Test dynamic array Python code

Above we have implemented a dynamic array class, I believe are very excited, next let’s test, see if it can succeed? In the same file, write the following test code:

def main(a):
    # Instantiate
    mylist = DynamicArray()

    # Append new element
    mylist.append(10)
    mylist.append(9)
    mylist.append(8)
    # Insert new element in given position
    mylist.insert(1.1024)
    mylist.insert(2.2019)
    # Check length
    print('The array length is: ', mylist.__len__())
    # Print the array
    print('Print the array: ')
    mylist._print()
    # Index
    print('The element at index 1 is :', mylist[1])
    # Remove element
    print('Remove 2019 in array:')
    mylist.remove(2019)
    mylist._print()
    # Pop element in given position
    print('Pop pos 2 in array:')
    # mylist.pop()
    mylist.pop(2)
    mylist._print()


if __name__ == '__main__':
    main()
Copy the code

The test results

Exciting moment. Here are the results. Please combine the test code with the structure of the array to understand, if there are omissions, welcome to point out.

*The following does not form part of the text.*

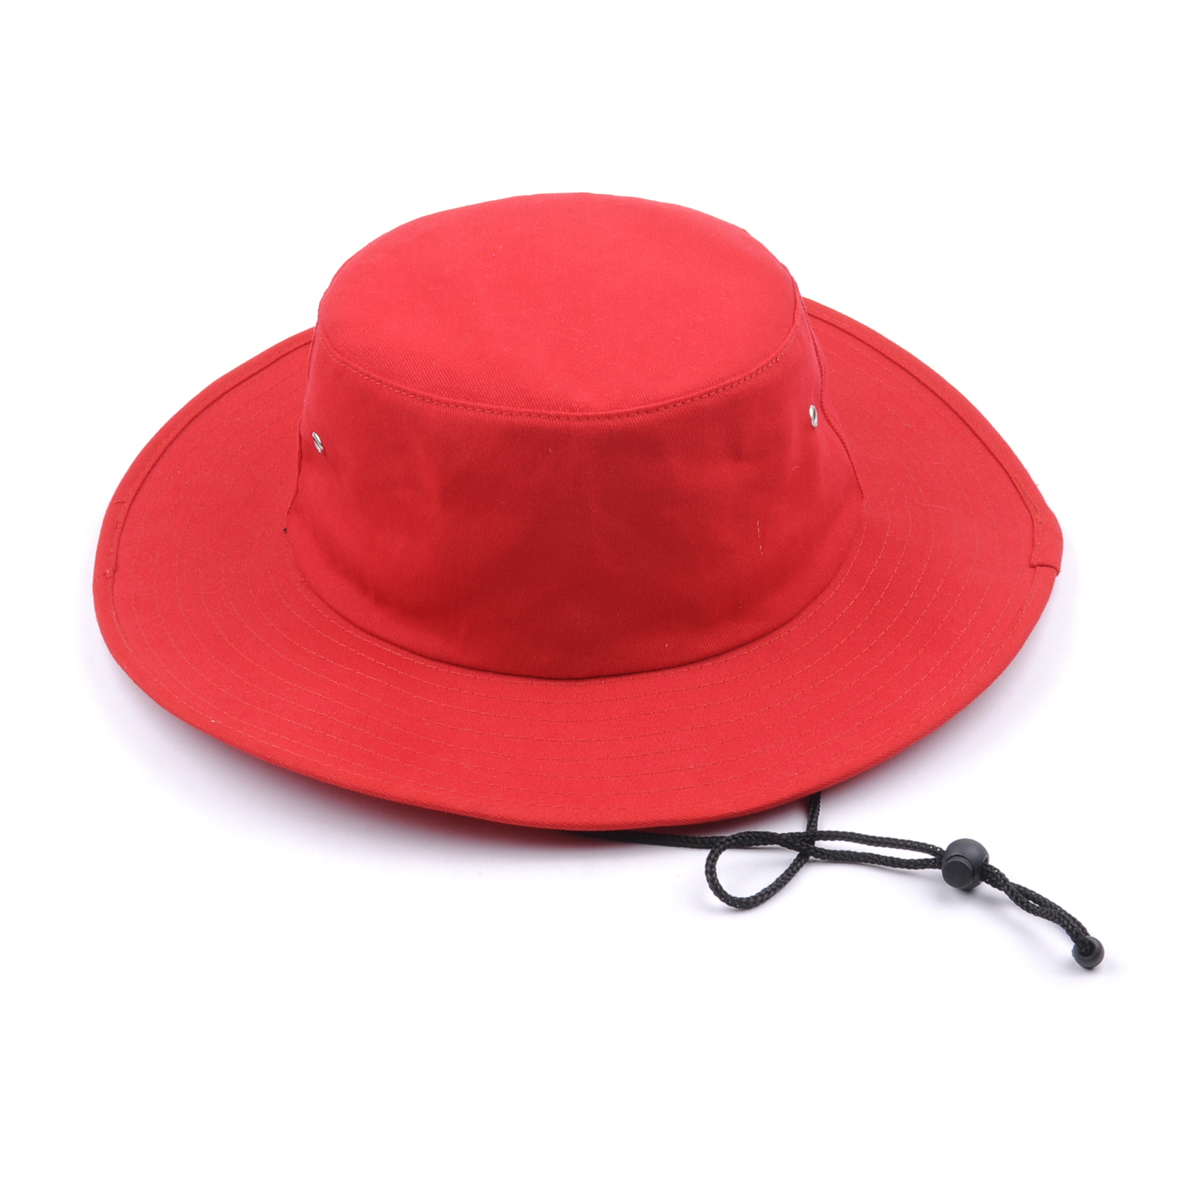 изготовленная на заказ простая красная пустая шляпа ведра трубопровода

The array length is:  5Print the array:10 1024 2019 9 8 
The element at index 1 is : 1024
Remove 2019 in array:
10 1024 9 8 
Pop pos 2 in array:
10 1024 8 
Copy the code

conclusion

From this introduction, we know that arrays have static and dynamic types. In this blog, we’ll focus on what a dynamic array is and implement it in Python code. Hopefully, you’ll learn about arrays in a complicated way. To sum up the statement, in fact, the more simple the operation, the realization principle behind may be very complex.